Arteta’s ruthless cyborgs malfunction as improvised excellence overcomes the machine
Arsenal's Martin Odegaard (left centre) and team-mates appear dejected after Manchester United score their second goal. Photo: Mike Egerton/PA Wire.
And then the gap was down to four points. It is still four points, but the thought that Arsenal will struggle to suppress is that it could have been more, that it should have been more.
Manchester City have won only one of their past five in the league, but Arsenal have not opened up clear water. Against Liverpool and Nottingham Forest, they failed to take advantage of City slip‑ups, drawing both those games 0-0, and that left them vulnerable to a game such as this. From an Arsenal point of view, the title race is disturbingly alive.
Arsenal should be fine. They have been the best team in the league so far. They’ve been the best team in the Champions League. They’ve lost only three times all season. They have a good claim to be the best side in the world right now. But there will be inevitable nibbles of doubt: Arsenal have still to go to the Etihad Stadium in April; lose that and the gap will be one; and that means the pressure is on; one slip-up and the lead could be City’s …
There is no reason for such negativity; there has been nothing to suggest City are about to embark upon a remorseless winning run. But when a team have not won the league in 22 years, a certain amount of catastrophising is inevitable.

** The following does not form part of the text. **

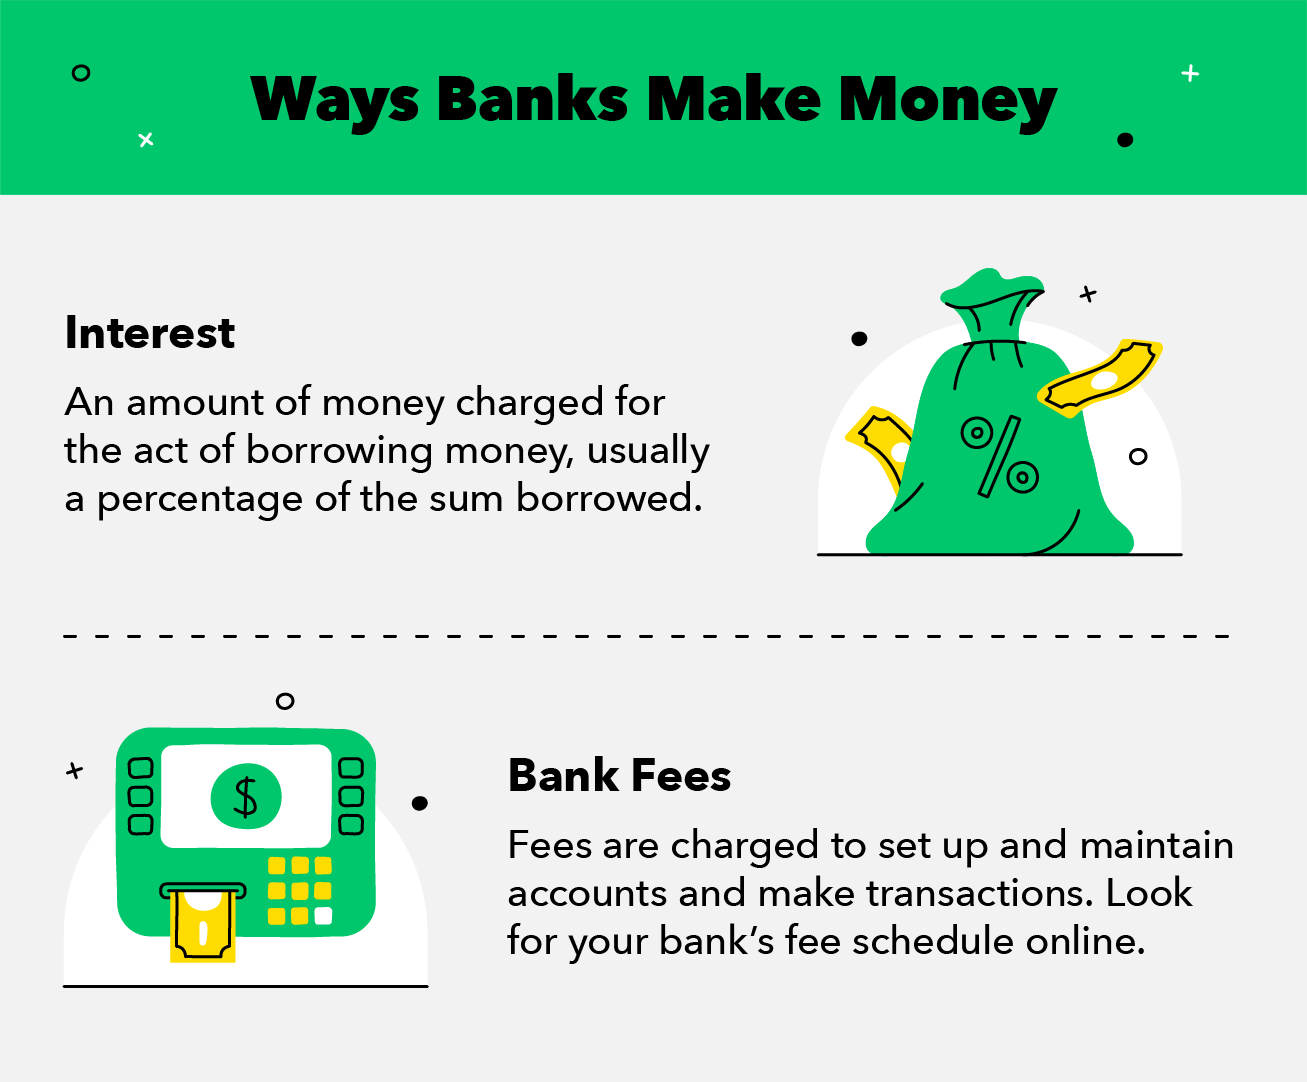 ways-banks-make-money copy 2

Yet it is also so mystifying. This Arsenal at times feel like a drama in the tradition of Blade Runner or Westworld. They are cyborg killers, ruthless and implacable, but they have spent so long in the company of people that they have begun to develop human characteristics, most notably anxiety, or at least a hyper‑awareness of the consequences of what they are doing.

The tendency is perhaps reduced this season, but they remain a team, conditioned perhaps by the expectations of fans who feel every second of their wait for a title, prone to periods of fretfulness and at times, to almighty, inexplicable ricks.

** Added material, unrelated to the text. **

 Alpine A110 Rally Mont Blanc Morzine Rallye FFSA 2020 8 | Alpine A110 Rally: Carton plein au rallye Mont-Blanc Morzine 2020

For half an hour, this felt like remorseless Arsenal. The bioroid army did what it does. They pressed, they squeezed, they suffocated Manchester United. There may not have been many clearcut chances but there was a sense of mounting threat. United’s stress as they struggled to get the ball out of their own half became almost palpable. Eventually the goal came, in the way it had always seemed like coming: a half-cleared cross returned to the box and United, finally, unable to clear, block, or deflect wide or over.
At which, abruptly, the clones glitched. The game was under control. United might not have been back to Ruben Amorim-era fumbling, but neither did they seem likely to get back into the game. But then Martín Zubimendi, under little pressure, duffed an attempted backpass to David Raya, and from nowhere Bryan Mbeumo had equalised.
The breath of City suddenly could be felt on Arsenal necks, and the cyborgs reacted in a way that was all too human.
This used to be a trait of Pep Guardiola sides, the reason they would sometimes concede goals in bursts of two or three. When the central intelligence failed, when the mechanism went awry, there was no individual to wrest the game back. Eyes whirred, lights flashed, warnings systems beeped, sockets smoked. Malfunction! Malfunction!
There was even a smattering of boos at half-time – an expression of nerves, surely, as much as genuine anger. But whatever discomfort was felt then among fans or players was multiplied five minutes into the second half.
Sometimes, football is less about pressing patterns, set-piece drills or mental state; sometimes it’s just about a wing-back, who scored only his second goal for the club last week, thriving on being released into midfield, implausibly controlling the ball with knee and hip and then walloping a finish in from the edge of the box off the underside of the bar. The miracles of the new‑manager bounce continue to resist algorithmic explanation.
Mikel Arteta unleashed a new regiment of cyborgs with a quadruple substitution. But the control he craves was gone. Even when a set piece – obviously – provoked chaos and an equaliser via a series of ricochets off heads and knees, sprockets and springs, the pitiless squeezing in midfield was gone, a clustering allowing Matheus Cunha an inexcusable amount of space to measure his shot into the corner.
Improvised excellence had overcome the cerebral machine, and in that sense it felt like the old days of United-Arsenal clashes. But modern football isn’t supposed to be like that. Modern football is about data and formulae, about repetitions and plans, at least as Arteta sees it.
His cyborg army might struggle to process the evidence that their evidence-based approach is not all‑conquering. And now they face perhaps the greatest test of all for machine intelligence: a test of nerve. Being the best is all very well, but you still have to get over the line – and that requires character.